Что же значит «друг», когда он становится концептуальным персонажем, то есть предпосылкой мышления? Может, это влюбленный – да, пожалуй, скорее влюбленный? Ведь благодаря другу мысль вновь обретает жизненную связь с Другим, которая, казалось, исключена из чистого мышления. А может, здесь имеется в виду еще кто-то иной, не друг и не влюбленный? Ведь если философ – это друг мудрости или же влюбленный в нее, значит, он претендует на нее, будучи скорее в потенциальном стремлении, чем в действительном обладании. Тогда, стало быть, друг – это еще и претендент, а то, чьим другом он себя называет, – это Вещь, на которую обращено притязание, а вовсе не кто-то третий; тот-то, напротив, становится соперником. Получается, что в дружестве столько же состязательного недоверия к сопернику, сколько любовного стремления к предмету желаний. Стоит дружеству обратиться к сущностям, как двое друзей оказываются претендентом и соперником (впрочем, кто же их разберет?). Такова первая особенность, благодаря которой философия представляется нам явлением древнегреческой цивилизации, совпадающим с культурным вкладом городов-полисов: в них сформировались общества друзей или равных, но зато между ними и внутри каждого из них стимулировались отношения соперничества, во всех областях сталкивались друг с другом претенденты – в любви, играх, судах, в государственном управлении, в политике, даже в поэзии, чьей предпосылкой оказывается не друг, а претендент и соперник (диалектика, которую Платон характеризует как «амфисбетесис»). Соперничество свободных людей, атлетизм, возведенный в общий принцип – агон[4]. Дружество же призвано примирять целостность сущности с соперничеством претендентов. Не слишком ли тяжелая задача?

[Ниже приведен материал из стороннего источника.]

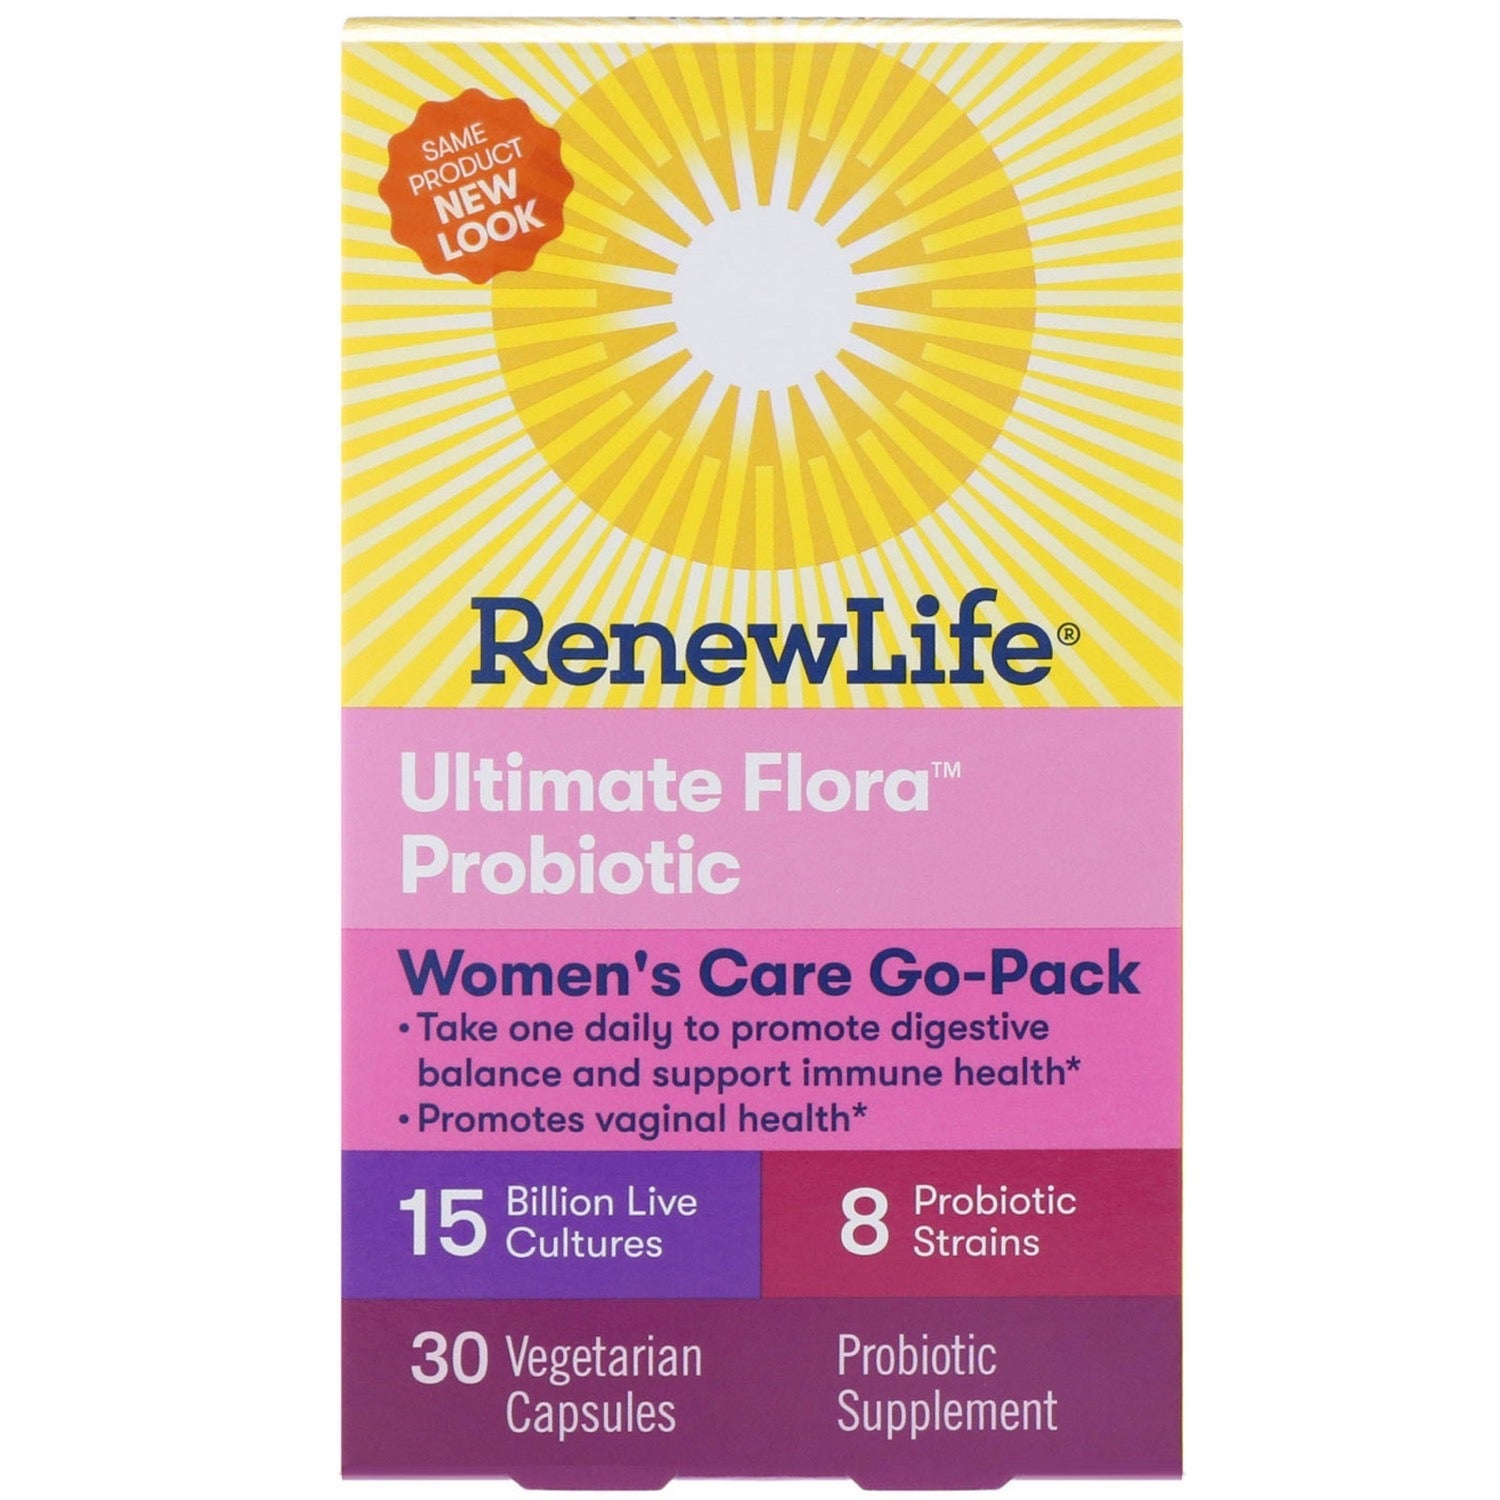 Renew Life Re Ultimate Flora, Women's Care Go-Pack Probiotic, 15 Billion Live Cultures, 30 Vegetarian Capsules

Друг, влюбленный, претендент, соперник – это трансцендентальные характеристики, которые, однако, не теряют своего интенсивно-одушевленного существования в лице одного или нескольких персонажей. И когда в наши дни Морис Бланшо – один из немногих мыслителей, рассматривающих смысл слова «друг» в философии, – вновь задается этим внутренним вопросом о предпосылках мысли как таковой, то он вводит в лоно чистой Мыслимости новых концептуальных персонажей – уже отнюдь не греческих, пришедших из других мест, переживших словно некую катастрофу, которая влечет их к новым жизненным отношениям, возводимым в ранг априорных характеров: это уклончивость, утомленность, даже какая-то подавленность друзей, превращающая самое дружество с мыслью о концепте в бесконечную недоверчивость и терпеливость[5]. Список концептуальных персонажей никогда не бывает закрыт и тем самым играет важную роль в развитии и переменах философии; необходимо понять это разнообразие, не сводя его к единству – впрочем, и так уже сложному – греческого философа.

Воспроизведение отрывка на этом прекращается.